As an HR leader, your influence is often directly tied to your relationships with key business heads. But the most pivotal connection for me wasn't with the CEO or a divisional president; it was with the head of Financial Planning & Analysis (FP&A). Most people in HR view the finance team as a roadblock—the department of "no" that scrutinizes every budget request. This perception creates an adversarial dynamic where HR brings ideas and Finance brings skepticism. I realized early on that if I couldn't speak their language and frame people initiatives as sound financial investments, I would always be seen as a cost center, not a strategic partner. Instead of fighting this reality, I embraced it. I began meeting with our FP&A lead, not to ask for anything, but to learn. I'd ask her to walk me through the company's financial models and show me how headcount and attrition impacted the bottom line. I started bringing her problems, not solutions. Instead of saying, "I need a budget for a new manager training program," I'd say, "Our mid-level turnover is costing us X in recruiting fees and lost productivity. How would you think about modeling the ROI of an initiative to fix that?" By inviting her into the problem-solving process early, she became a co-author of the solution, not a critic of it. I remember we were struggling with high attrition among our junior sales team. Instead of building a big presentation on engagement, I first sat down with my finance partner. Together, we built a simple model showing the cost of replacing a salesperson, including the six-month ramp-up time where they weren't hitting quota. When we finally presented our proposal for a revised onboarding and coaching program, she was the one who explained the financial case for it. The conversation in the room shifted from "can we afford this?" to "can we afford *not* to do this?" True influence isn't just about getting your ideas approved; it's about reframing the conversation so the right idea becomes the obvious choice.
Building a strong working relationship with our CTO strengthened my leadership as an HR executive significantly through alignment of people strategy and technology priority. Together, we crafted a shared talent acquisition and internal mobility model that facilitated speedy scaling without sacrificing culture. I built the relationship through regular and transparent communication and through the demonstration of how HR metrics could translate directly to product velocity and innovation outcomes.

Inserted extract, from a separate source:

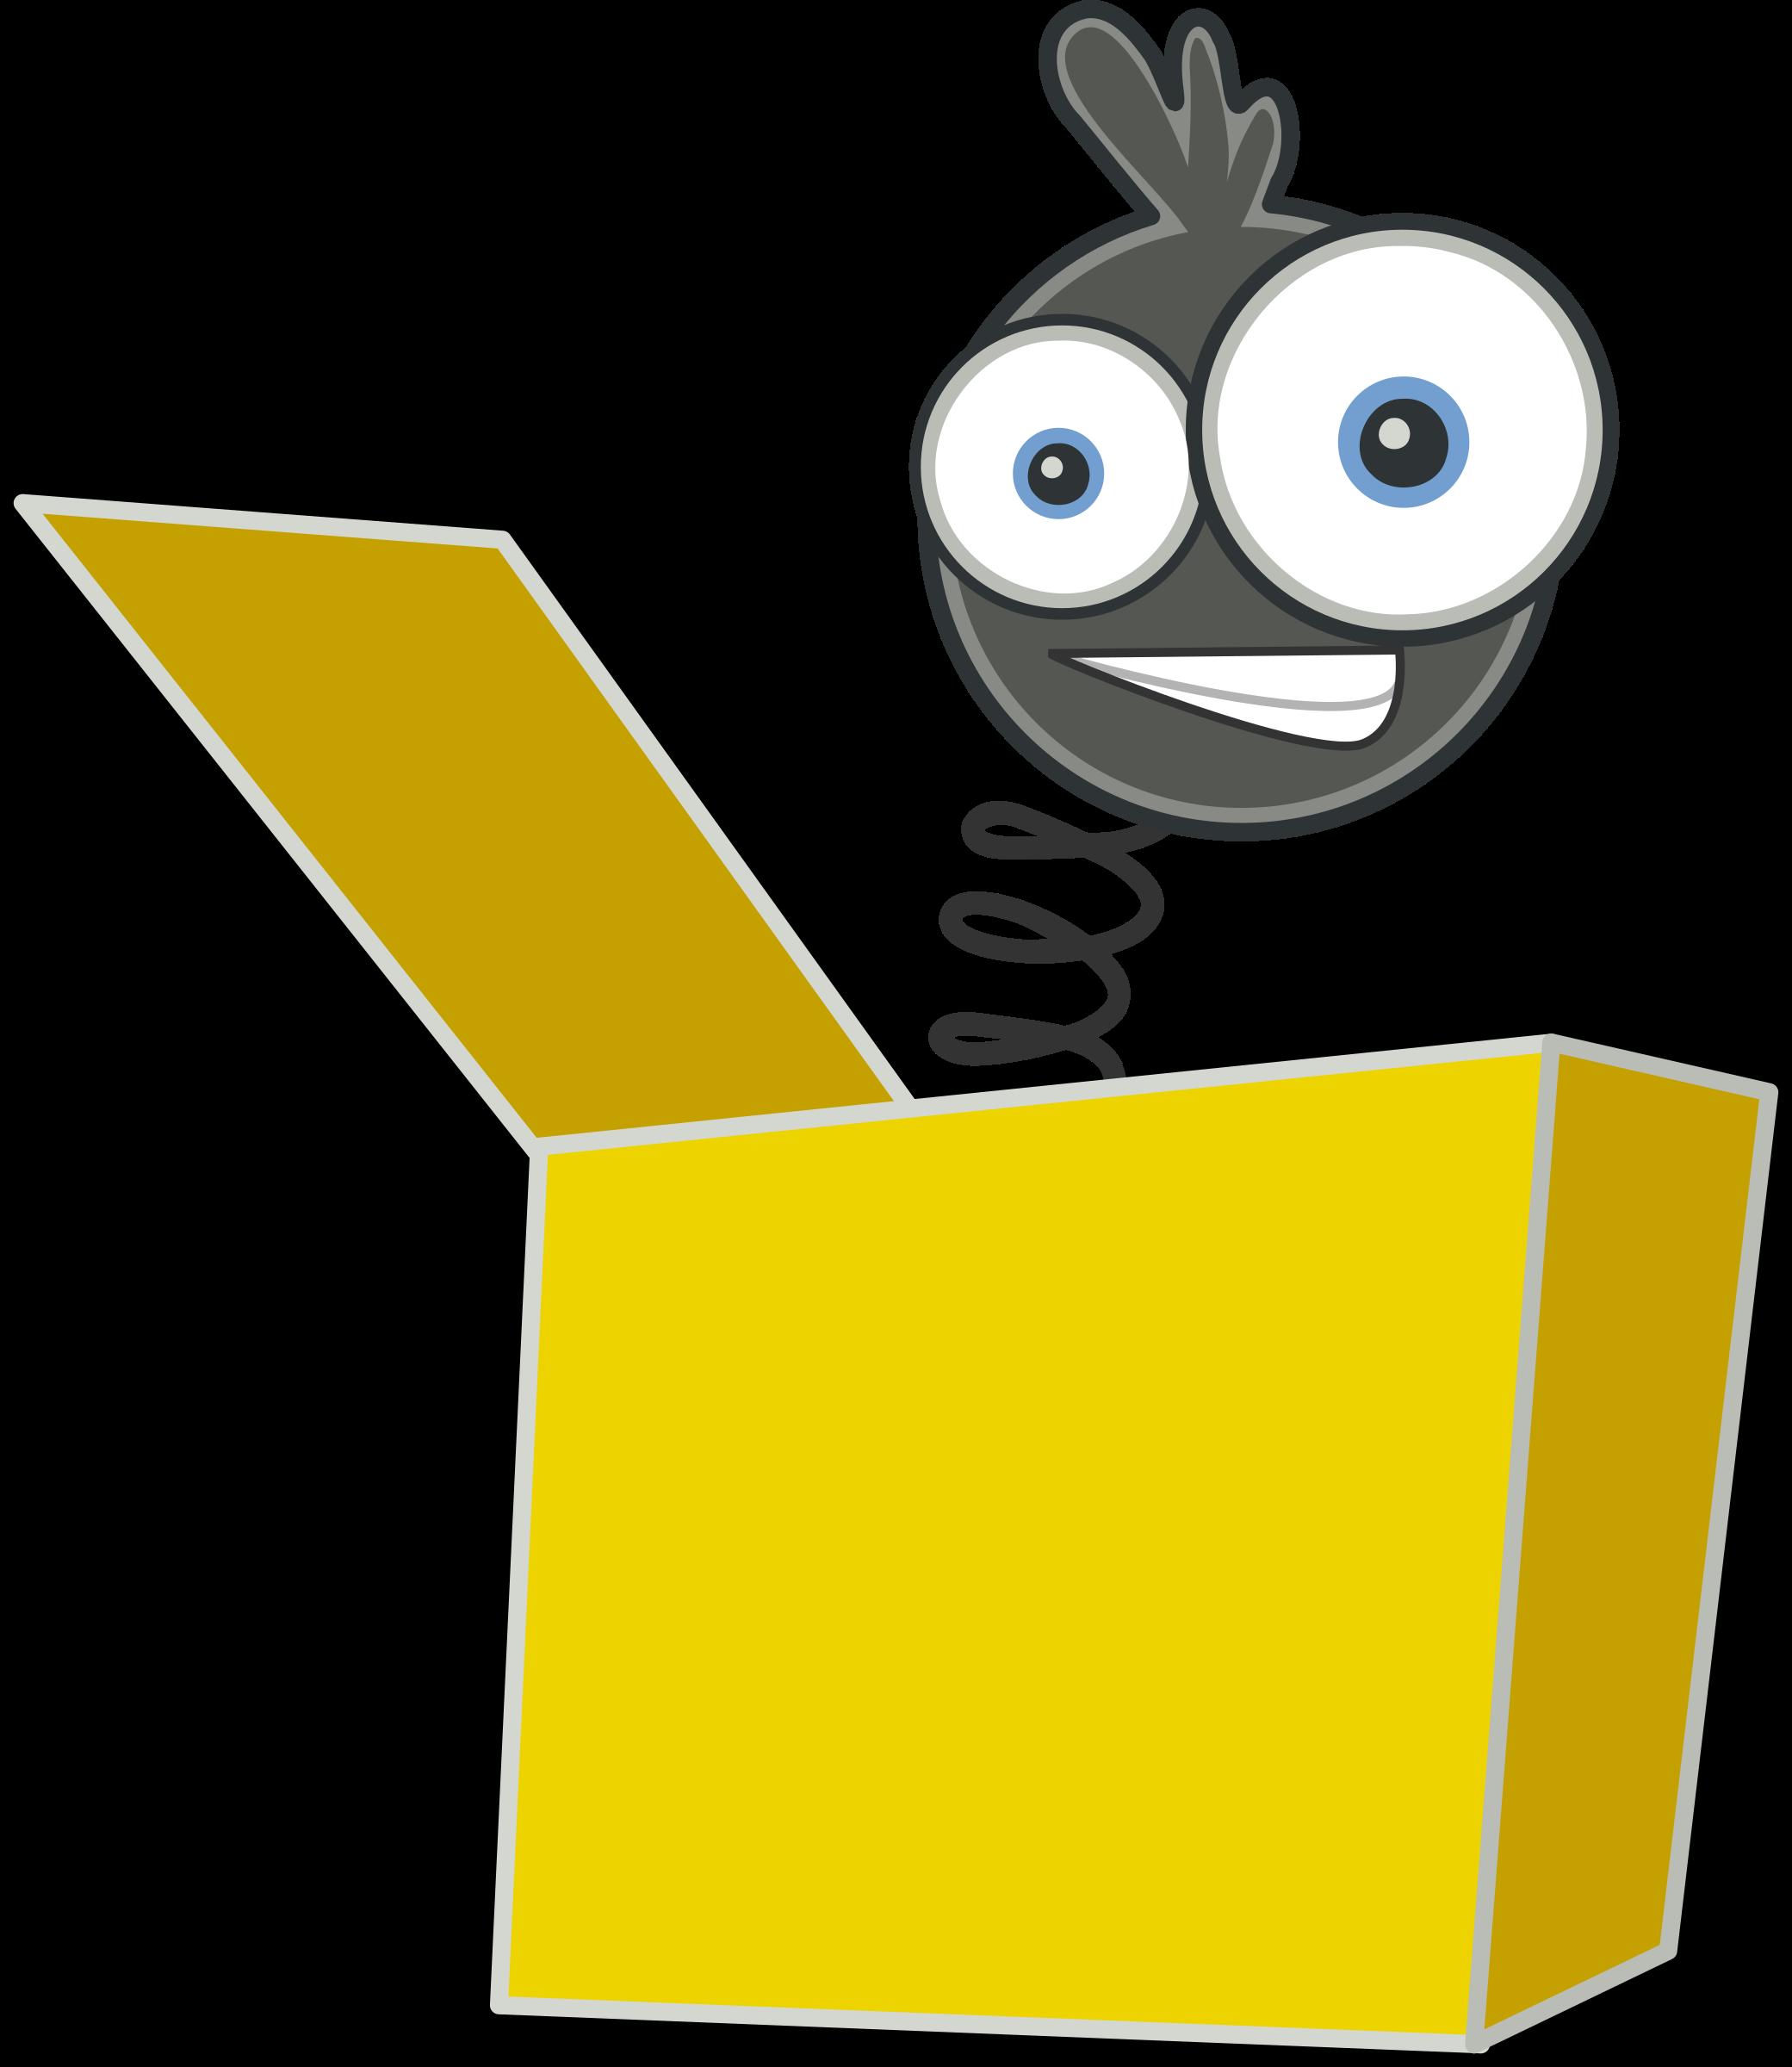 Joker clipart jack in box In the box Clipart box

The strategic relationship that dramatically increased my influence was with the Head of Logistics and Parts Inventory. My role was field operations; his was internal supply chain. The conflict was the trade-off: operations often blamed logistics for delays, while logistics blamed poor planning. I needed his cooperation to solve the crew's biggest structural failure—waiting for materials. I nurtured the connection by trading administrative efficiency for hands-on, real-time data. Instead of sending logistics formal reports that they could ignore, I committed to sending the Head of Logistics a picture and a two-sentence text update of every single successful and unsuccessful material drop right when it happened. This gave him immediate, hands-on field visibility into how his heavy duty system was truly performing, allowing him to fix small structural failures before they became major delays. By helping him solve his logistical problems with verifiable field data, I secured the crew's trust and his ear on strategic decisions. My field recommendations gained influence because they were tied to proven operational solutions, not just abstract concerns. The best way to increase influence is to be a person who is committed to a simple, hands-on solution that prioritizes trading immediate field data for strategic administrative support.
My business doesn't deal with "HR leaders" or abstract influence. We deal with heavy duty trucks operations, where influence is measured by the ability to enforce operational discipline and eliminate risk. The one strategic relationship that dramatically increased my influence was the connection with the Chief Financial Officer (CFO). My job was to pivot the conversation from abstract HR policy to verifiable financial impact, which is the only language a CFO truly understands. I didn't nurture this connection with social rapport. I nurtured it with quantified failure reports. I routinely presented the CFO with audits showing the precise dollar cost of internal operational failures—the total financial liability caused by high employee turnover or poor training regarding OEM Cummins part verification. I used objective data to prove that the soft costs of HR mismanagement were, in fact, the hard, measurable financial liabilities on the balance sheet. This connection worked because it transformed my role. I stopped being the Marketing and Operations Director asking for budget and started being the strategic partner who guaranteed the integrity of the company's financial defense. My influence grew because I successfully proved that disciplined operational training directly reduced our financial risk exposure. The ultimate lesson is: You increase influence by translating the soft challenge of people management into the non-negotiable financial language of the executive suite.
The most impactful relationship for me, wearing my HR hat, has been with our customers. I've spent years reading thousands of reviews from people desperate for skincare that wouldn't cause more problems. When it came time to build a team, I brought that voice into every interview. My influence came from a deep understanding of our user, not from HR theory. It allowed me to champion candidates who demonstrated true empathy for our customer's journey, which is a far better predictor of success at Era Organics than a perfect resume. Nurturing this connection meant refusing to delegate the customer voice. I personally read our product reviews and support tickets, and I still do. We built this into our operations by making customer stories a central part of our team meetings. When your team feels the customer's problem, their work is worth more than their paycheck. They work to create a genuine solution for the real people buying your product, and that has been the foundation of our culture and our hiring strategy.